Beside the shops and places of everyday life, the Little Italy of the Bronx has built its identity around symbolic spaces of religious and cultural aggregation. Among these, a central role was the Our Lady of Mount Carmel Church, founded at the end of the nineteenth century to serve the growing Italian community in the neighborhood. The church was not only a place of worship, but a true social point of reference for the Italian community just arrived in the Bronx and for its descent and still today, the celebrations related to the Madonna del Carmine and the annual processions keep alive the bond between faith and traditions. A few steps away, over time, have found space also cultural initiatives designed to tell and hand down this story: district theatres, events halls and, more recently, cultural centers dedicated to the Italian American heritage have contributed to make Arthur Avenue not only a gastronomic destination, but also a place of narration and representation.

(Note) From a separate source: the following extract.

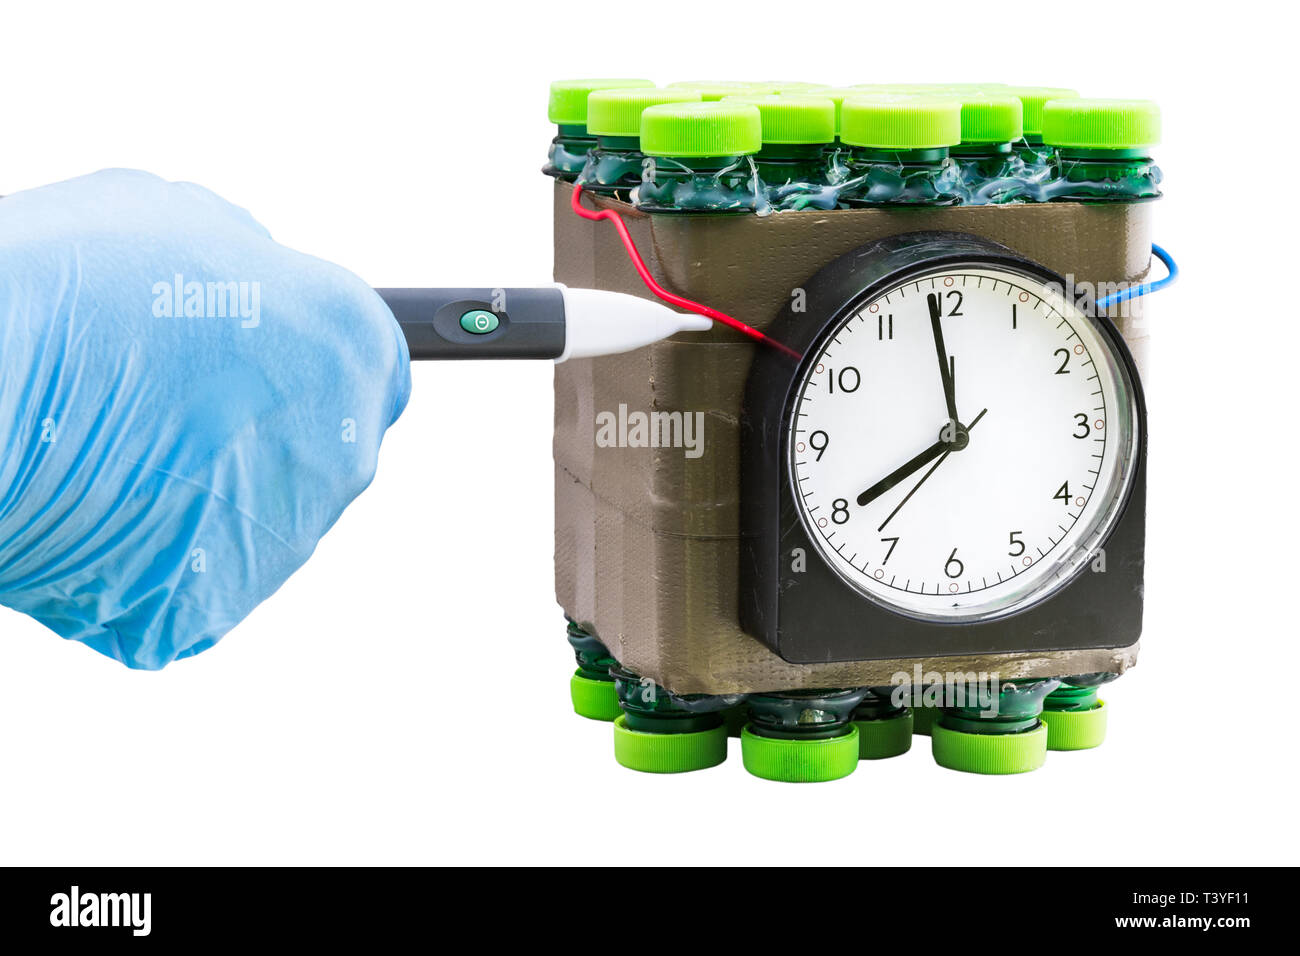 Time bomb disposal expert.Dummy weapon. Human hand in blue glove holding wireless tester. Dangerous explosive device deactivation. Terrorism, violence. Stock Photo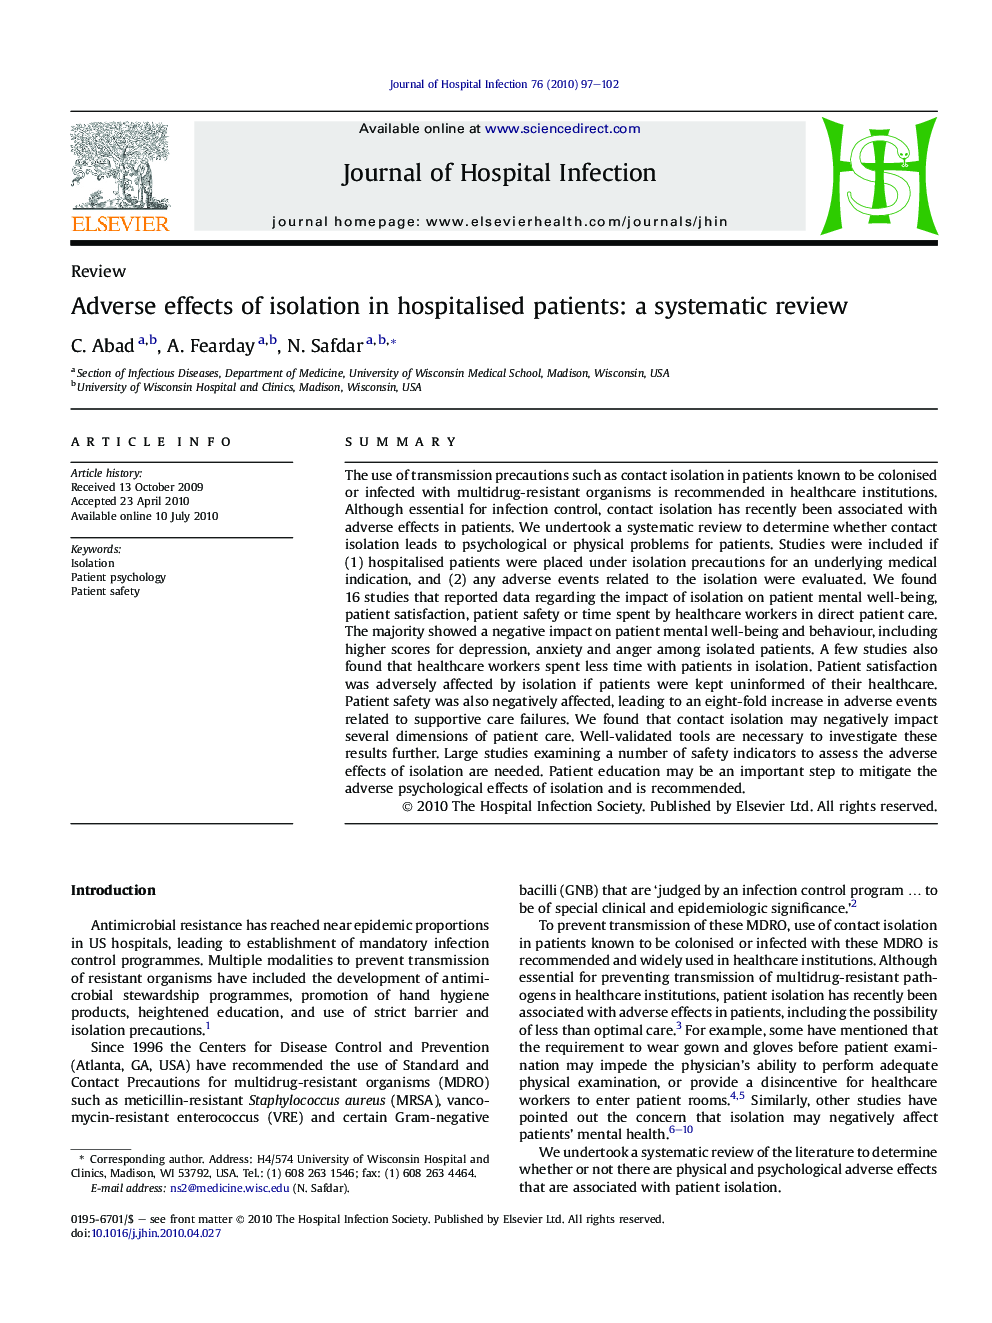 Adverse effects of isolation in hospitalised patients: a systematic review

This ability to adapt is not only the result of nostalgia or the strength of memory. In recent decades, Arthur Avenue has also been able to count on a structured work of protection and enhancement carried out by the Belmont Business Improvement District (BID), an organization that brings together traders, real estate owners and local realities with the aim of preserving the identity of the district while at the same time accompanying its evolution. Through cultural promotion, event organization, urban space improvement and support for historical activities, the BID helped keep the Bronx’s Little Italy alive, allowing the neighborhood to transform itself without ever falling apart. One of the most visible expressions of this work is the Feast of August, the annual event that, every September, returns to Arthur Avenue and the nearby East 187th Street the size of the shared party. Organized by the Belmont BID along with the neighborhood traders, the Fragosto festival has its roots in an ancient tradition that, for over twenty-five years, has been reinterpreted in the Bronx as an opportunity to gather residents and visitors around food, music and Italian culture. Between stalls, live performances and a heterogeneous crowd that arrives from all over the city, the Fragosto festival is the ideal time to visit the neighborhood in excellent company and with good Italian food to be a protagonist.

In this balance between past and present, between collective initiative and district life, the Little Italy of the Bronx continues to stand out in the New York landscape. Not because she remained unchanged, but because she knew how to change without losing her center. And perhaps this is his most current teaching: identity is not something that is inherited once and for all, but something that is built together, day after day. I don’t have to wait for the next holiday of Ferragosto, Sunday 13 September 2026 from 12.00 to 18.00! In the meantime, we will continue our journey to the city looking for authentic stories and cultural heritage to be discovered and handed down!

Article Where Italy has taken root: Arthur Avenue and the Little Italy of the Bronx comes from IlNewyorkese.